**Your instructions**.
Set down, word for word, every line of the material below from the one containing "Casa 3 Dorm, Cavalhada, Porto" through the one containing "Christmas calendar design", but none of its pictures.

BEGIN Exercise material

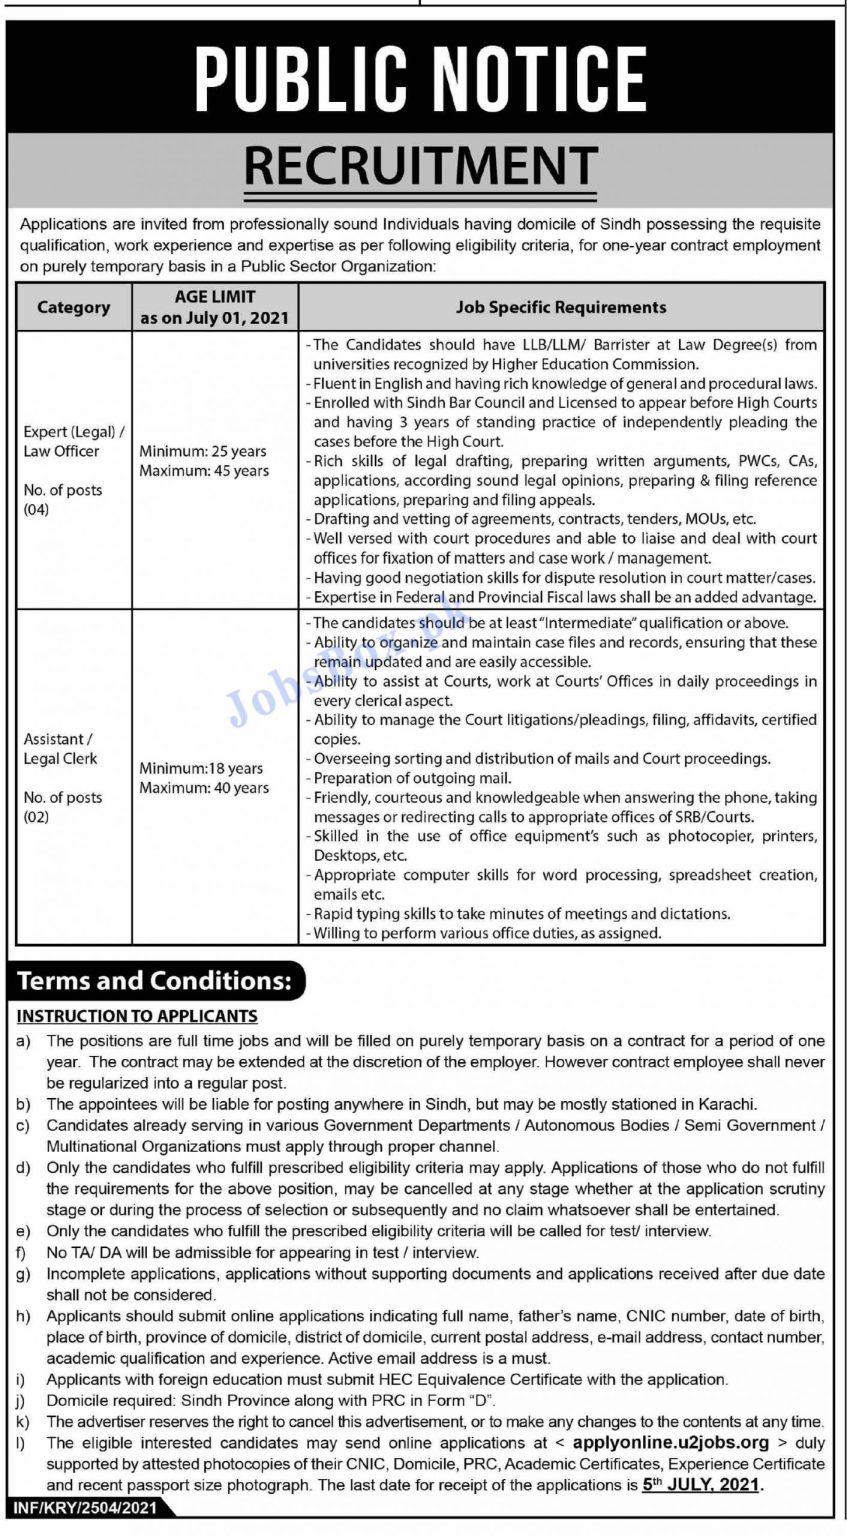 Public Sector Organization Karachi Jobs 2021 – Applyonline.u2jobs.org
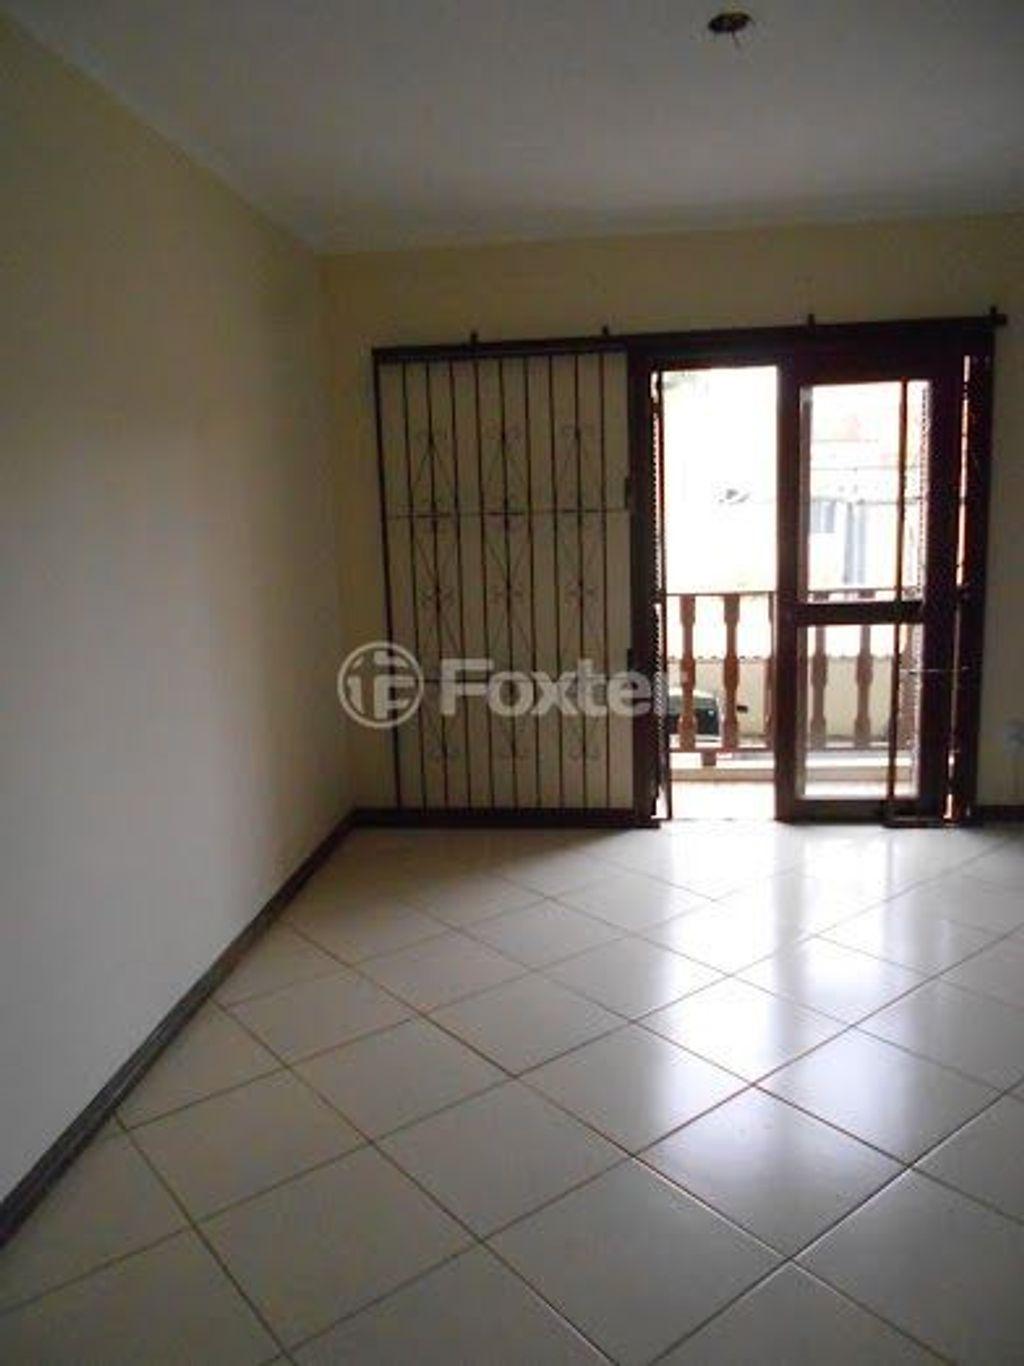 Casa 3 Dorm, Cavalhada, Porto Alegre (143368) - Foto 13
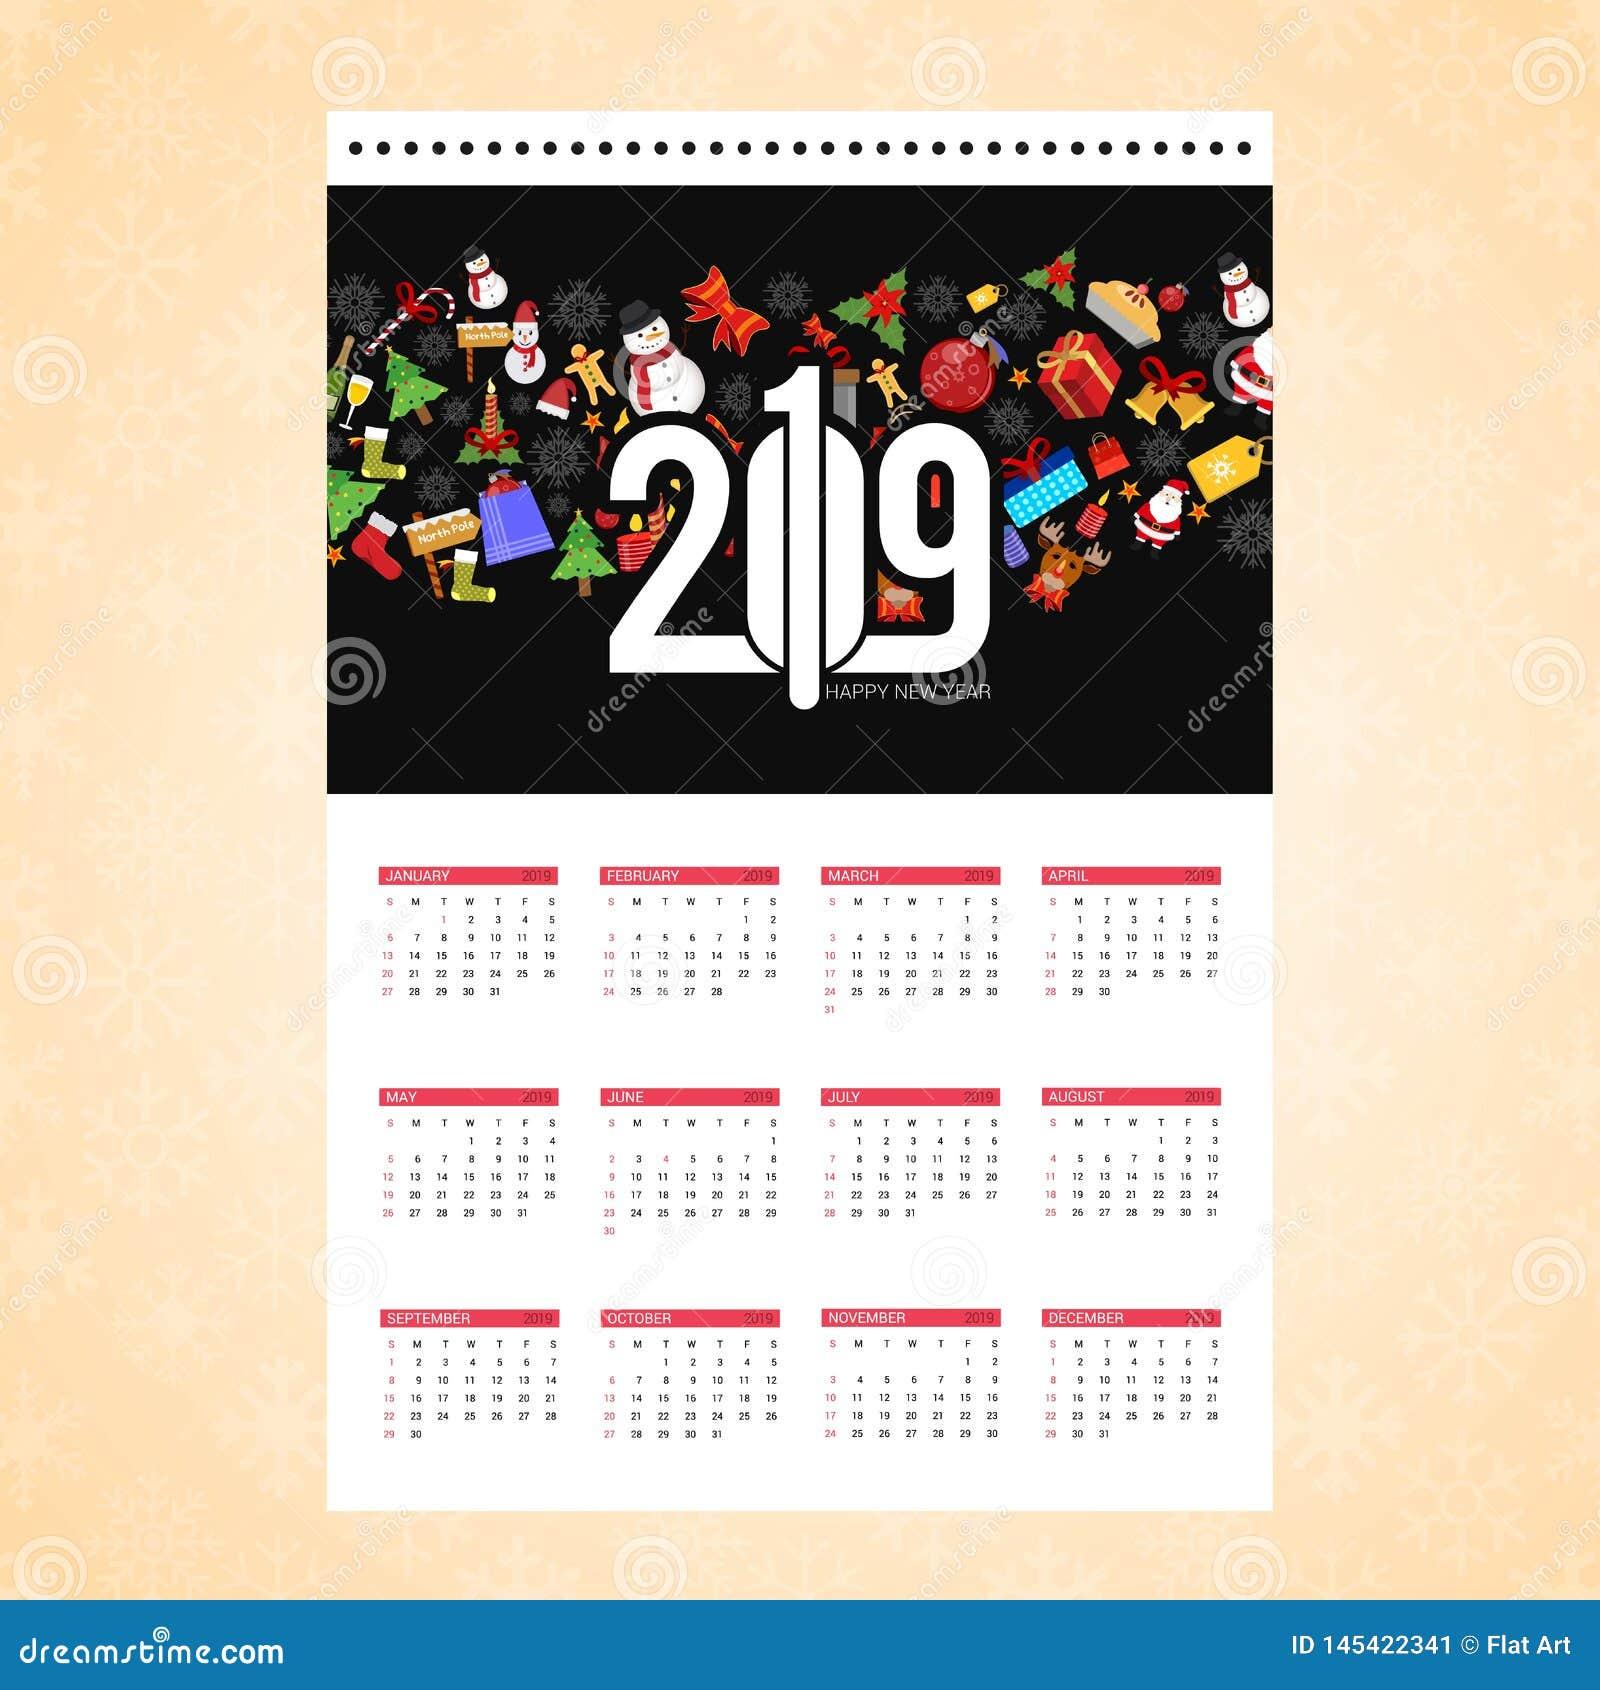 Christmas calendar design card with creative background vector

END Exercise material
BEGIN Exercise material

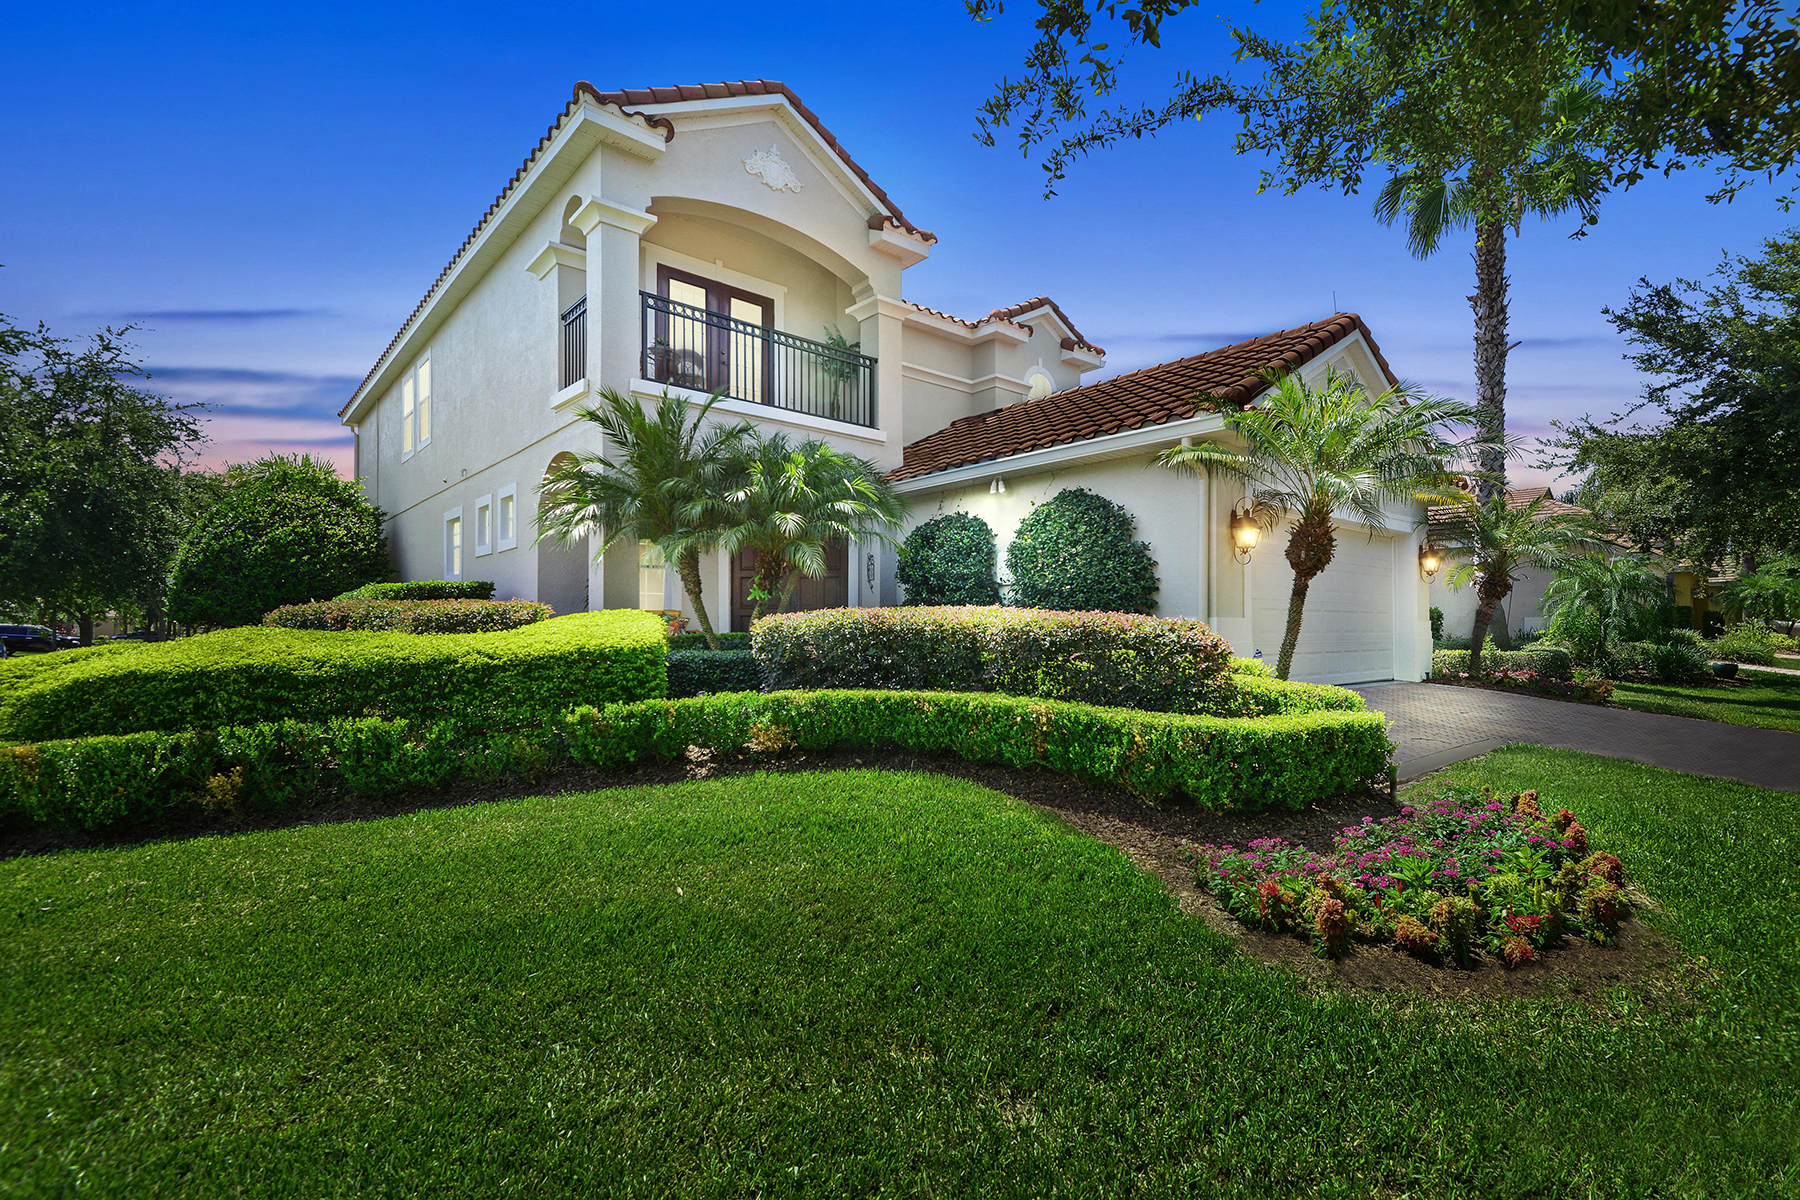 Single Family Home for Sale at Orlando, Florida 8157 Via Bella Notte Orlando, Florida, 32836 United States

END Exercise material

**Answer box**.
 Casa 3 Dorm, Cavalhada, Porto Alegre (143368) - Foto 13
 Christmas calendar design card with creative background vector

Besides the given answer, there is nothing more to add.